This study used scanning electron microscopy (SEM) to observe the internal structure of forewings from adult male Allomyrina dichotoma. The images showed that the Allomyrina dichotoma forewing is a composite sandwich structure composed of upper and lower stressed skins, a hollow core layer and an abdominal-wall layer. The core layer has an irregular honeycomb-like structure with columellae; the chitin fibers on the surfaces of these columellae are connected to the upper and lower stressed skins. The structure of corrugated steel web (CSW) bridges is similar to that of a beetle forewing: the top and bottom concrete plates are similar to the upper and lower stressed skins, whereas the CSWs are similar to the irregular thin-walled core layers. In engineering applications, CSWs are prone to buckling. However, beetle forewings have a lightweight, high-strength composite structure that can adapt to complex, variable natural environments and external loads without breaking due to the reinforced columellae inside the structure. Hence, this work studied the microstructure of beetle forewing in an attempt to design a CSW with a columellar structure similar to that found in the core layer of the forewing.

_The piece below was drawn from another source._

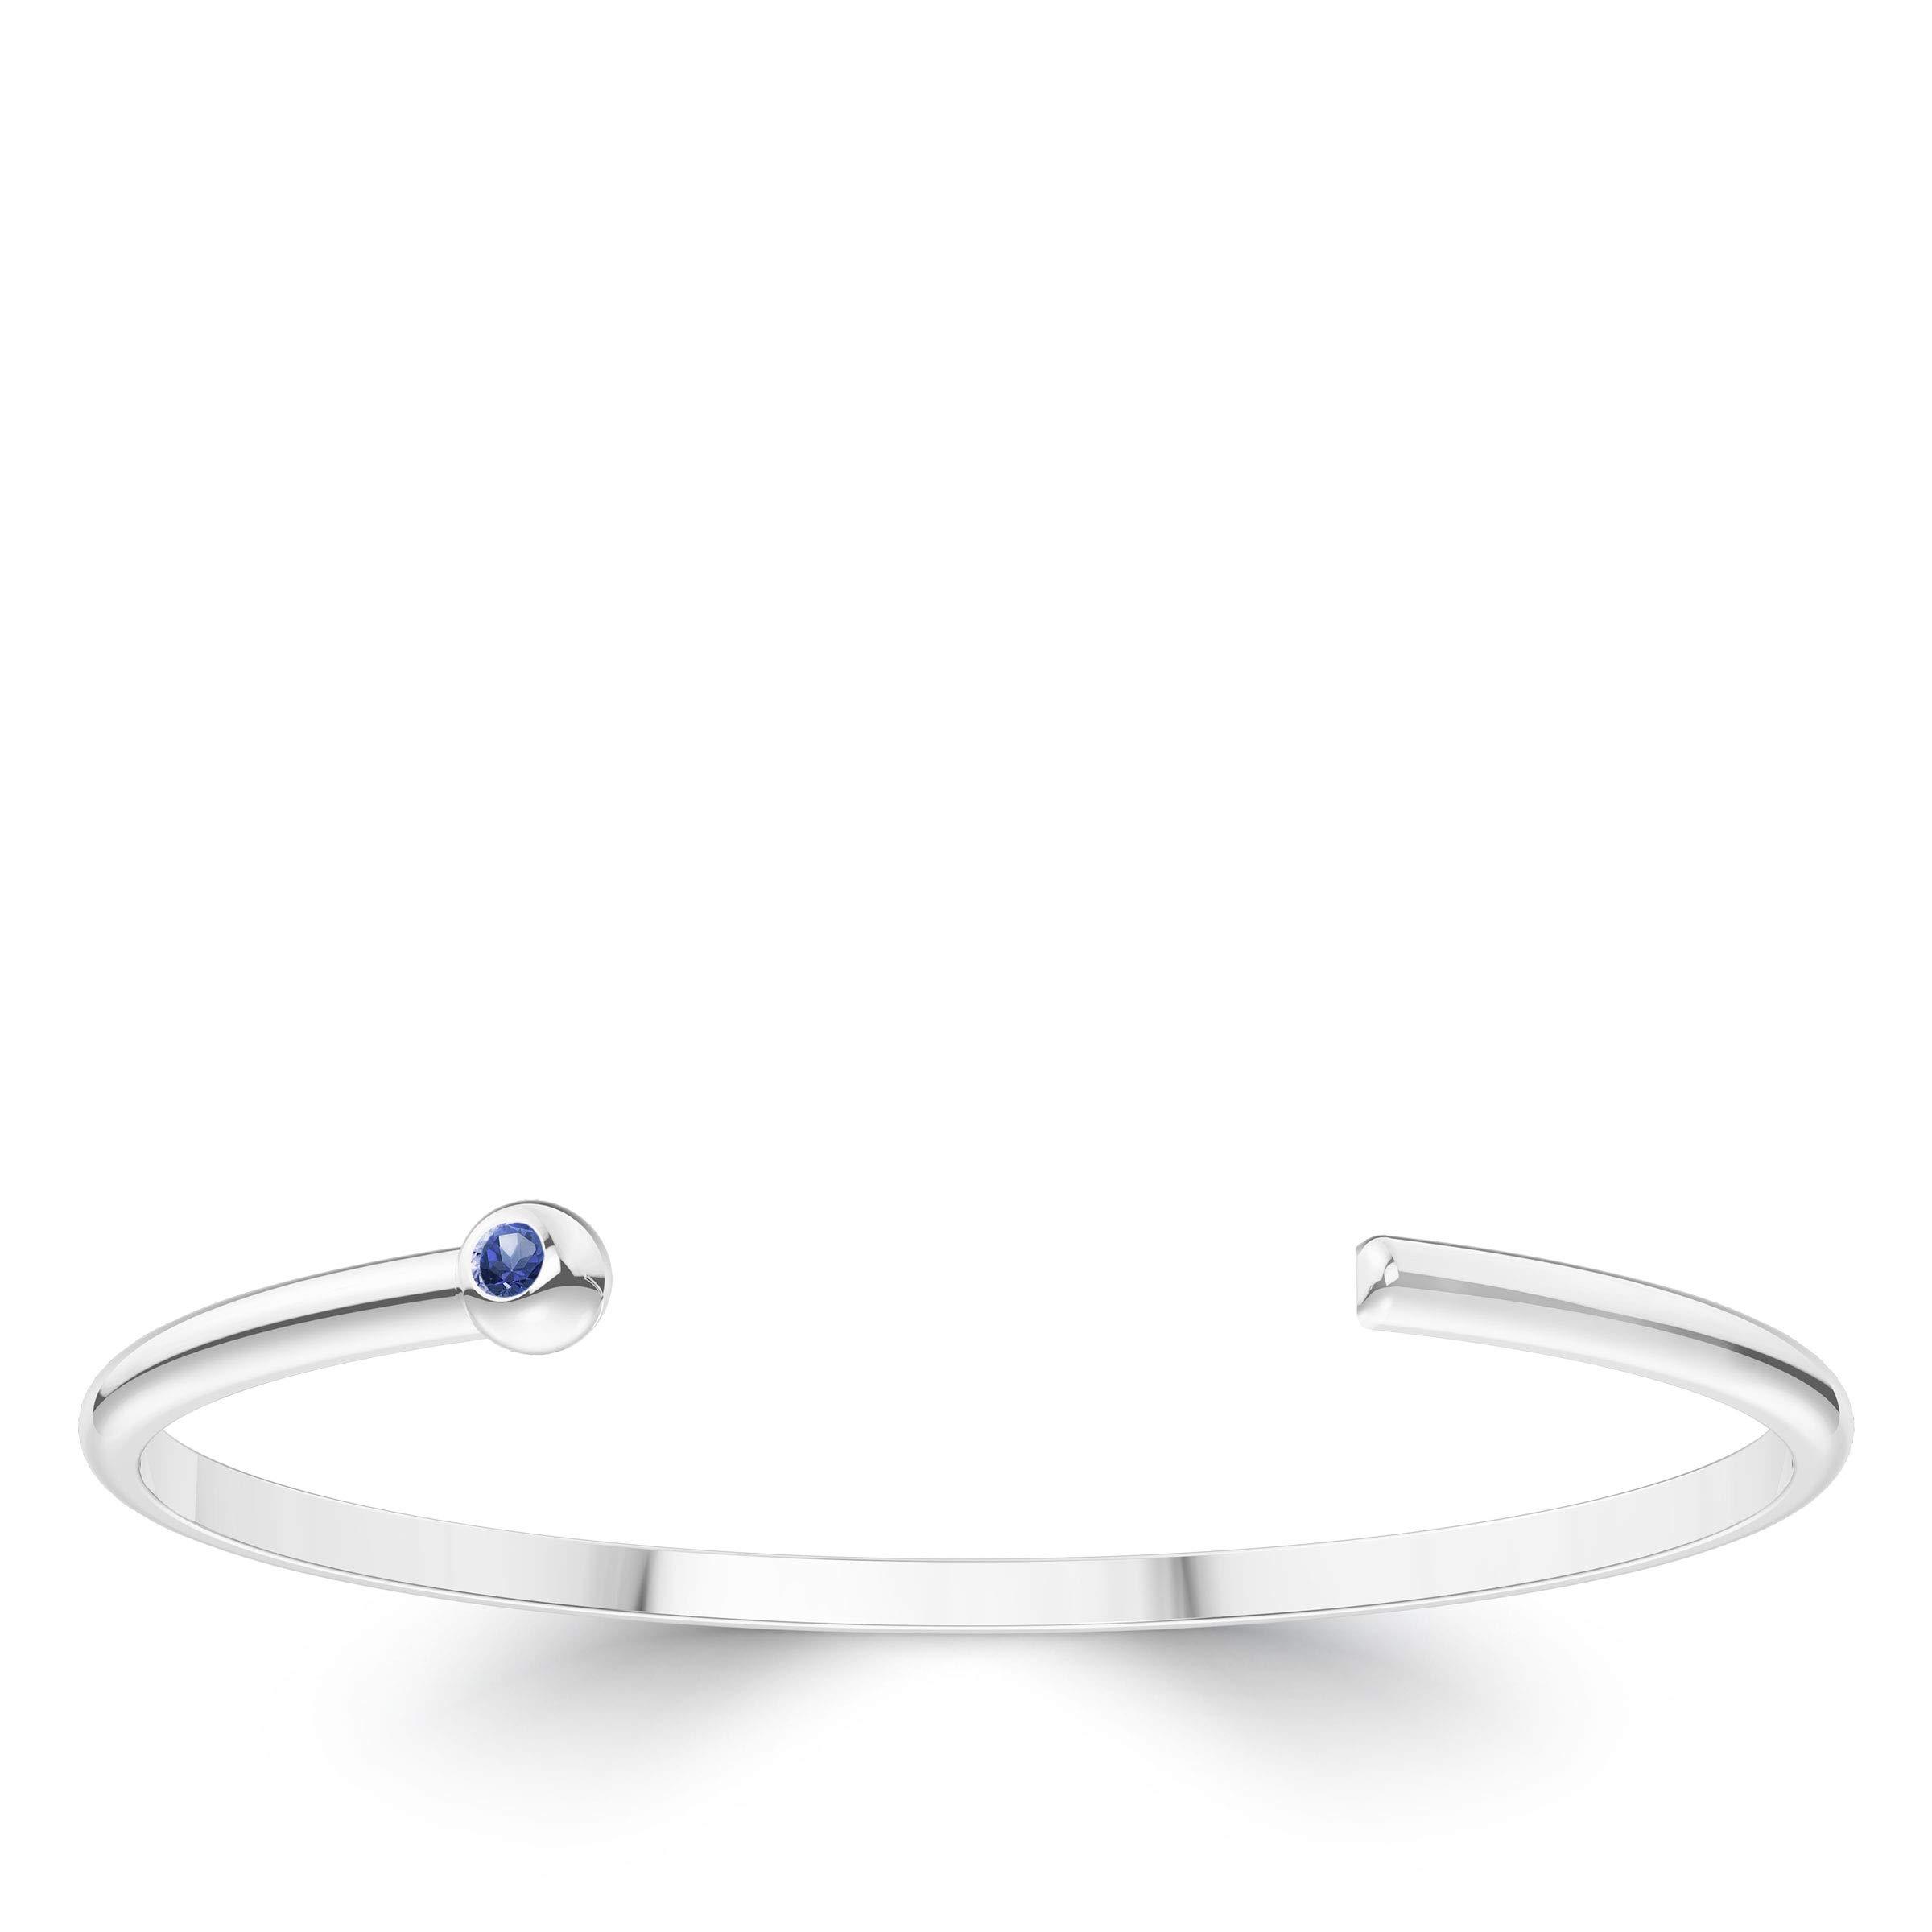 Gumdrop Sapphire Cuff Bracelet in Sterling Silver by Bixler
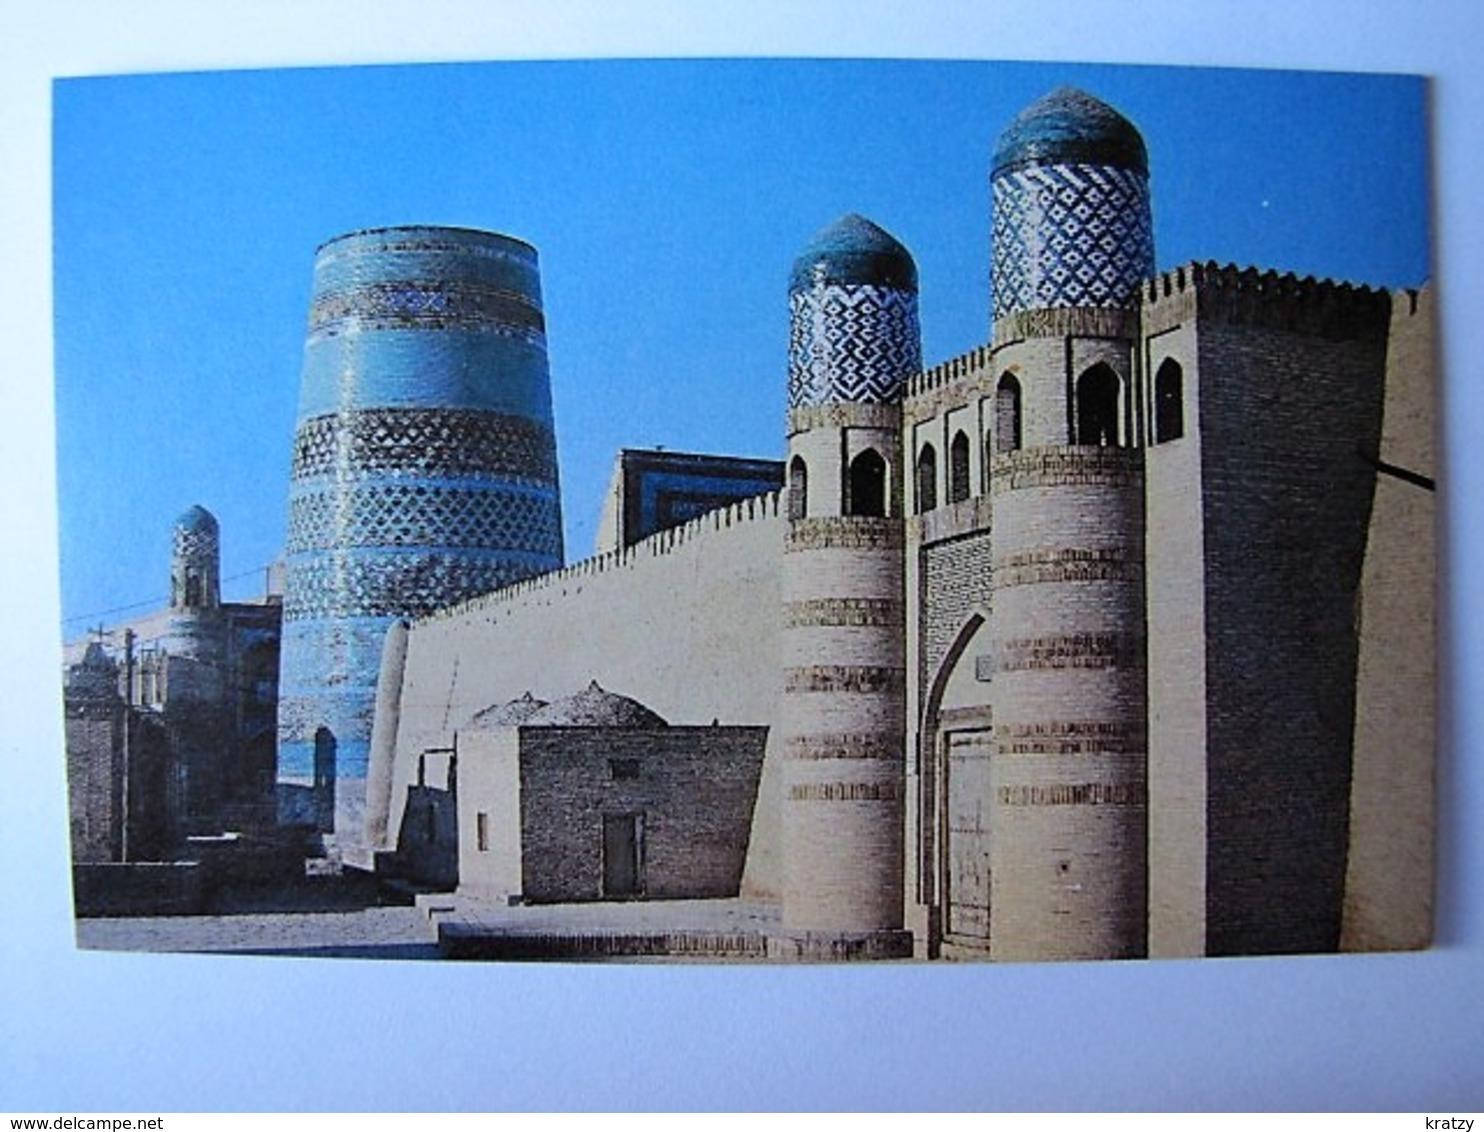 OUZBEKISTAN - KHIVA - Ichan-Kala - The Kunya-arq Citadel And The Kalta-Minär - Uzbekistan

Moreover, a finite element model was used to quantitatively analyze the effects of the columellae on the deformation, shear stress distribution and buckling stability of CSW bridges, which can provide a reference for the bionic structure of a beetle forewing and for the optimization of CSW bridges.

这项研究使用扫描电子显微镜（SEM）来观察成年雄性拟龙（Allomyrina dichotoma）前爪的内部结构。图像显示拟南芥前突是由上下应力蒙皮，中空芯层和腹壁层组成的复合夹心结构。芯层具有不规则的蜂窝状蜂窝状结构。这些小肠表面上的几丁质纤维连接到上，下压力皮肤。波纹钢腹板（CSW）桥的结构类似于甲虫前屈的结构：顶部和底部的混凝土板类似于上，下应力蒙皮，而CSW的结构类似于不规则的薄壁芯层。在工程应用中，CSW容易弯曲。但是，甲虫的前爪具有轻巧，高强度的复合结构，可以适应复杂，可变的自然环境和外部载荷，而不会由于结构内部的加强柱而破裂。因此，这项工作研究了甲虫前爪的微观结构，以期设计出具有类似于前爪核心层中的小柱状结构的CSW。此外，利用有限元模型定量分析了小柱对CSW桥变形，剪切应力分布和屈曲稳定性的影响，可为甲壳动物前肢的仿生结构和CSW桥的优化提供参考。 。